The Holland court concluded that Burlington's severance benefit plan was an ERISA employee welfare benefit plan. The court noted that "Congress determined as a matter of policy that severance pay benefits should be subject to ERISA." Id. at 1146. The Supreme Court affirmed the Holland court's conclusion. See Brooks, 477 U.S. at 901, 106 S.Ct. 3267.

Eleventh Circuit case law also lends support to this court's conclusion that Procedure 16 and Procedure 30 are ERISA plans. In Bedinghaus v. Modem Graphic Arts, 15 F.3d 1027, 1027-28 (11th Cir. 1994), the court noted that the following plan was "governed by the Employee Retirement Income Security Act of 1974:"

If, after the first six months [of employment], you are discharged as a full-time staffer for reasons other than cause . . ., the company will pay you 1 week's payin-lieu of notice for each 6 months of service. This amounts to 2 weeks' pay for 1 year of service, 10 weeks' pay for 5 years of service, etc. No pay-in-lieu of notice is paid for less than six months' service, nor for fractional parts of sixmonths periods.
Id. at 1028. Like Bedinghaus, the severance benefits plan in Adams v. Thiokol Corp., 231 F.3d 837, 840-41 (11th Cir. 2000), was governed by ERISA. Under the plan, Thiokol would provide severance benefits "to employees who would involuntarily lose their jobs due to a reduction in work force." Id. at 840. The plan also included language excluding severance benefits for "termination of employment resulting from . . . (ii) the sale of all or part of the business assets of the Company or a subsidiary or a business unit; . . . or (iv) any other form of reorganization including a spinoff; and the employee is offered a position (whether or not such position is comparable to the prior position) by the acquiring or resulting company." Id. at 840-41. The Adams court specifically noted, in dicta, that "a severance pay plan is an `employee welfare benefit plan,' as defined under ERISA." Id. at 841.

The Bedinghaus court did not confront specifically the same issue before this court, namely whether the severance plans at issue constitute an ERISA plan.
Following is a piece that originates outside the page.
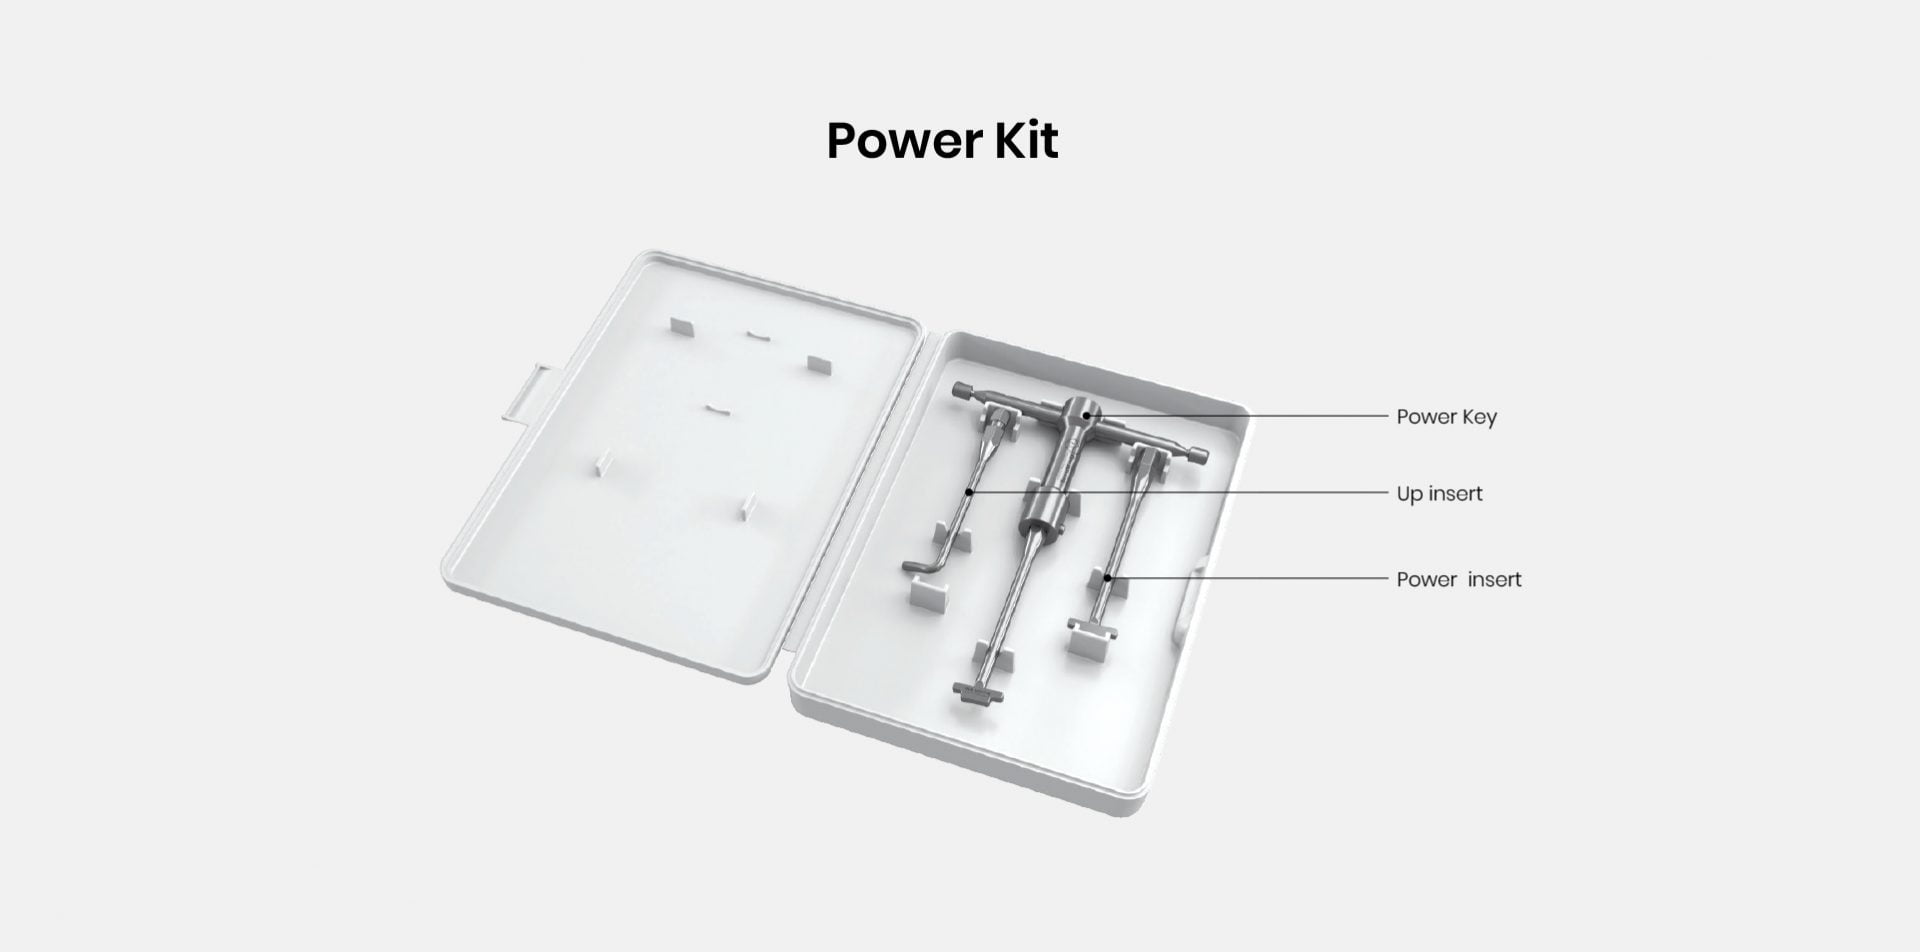 Power Kit

Instead, the court was reviewing the district court's decision affirming the employer's interpretation of a benefit plan governed by ERISA. See 15 F.3d at 1029. Nonetheless, the Bedinghaus decision remains instructive because its facts parallel many of the facts in the instant case.

Like Bedinghaus, the Adams court was reviewing the administrator's interpretation of the severance benefits plan and was not deciding whether the plan was an employee welfare benefit plan under ERISA.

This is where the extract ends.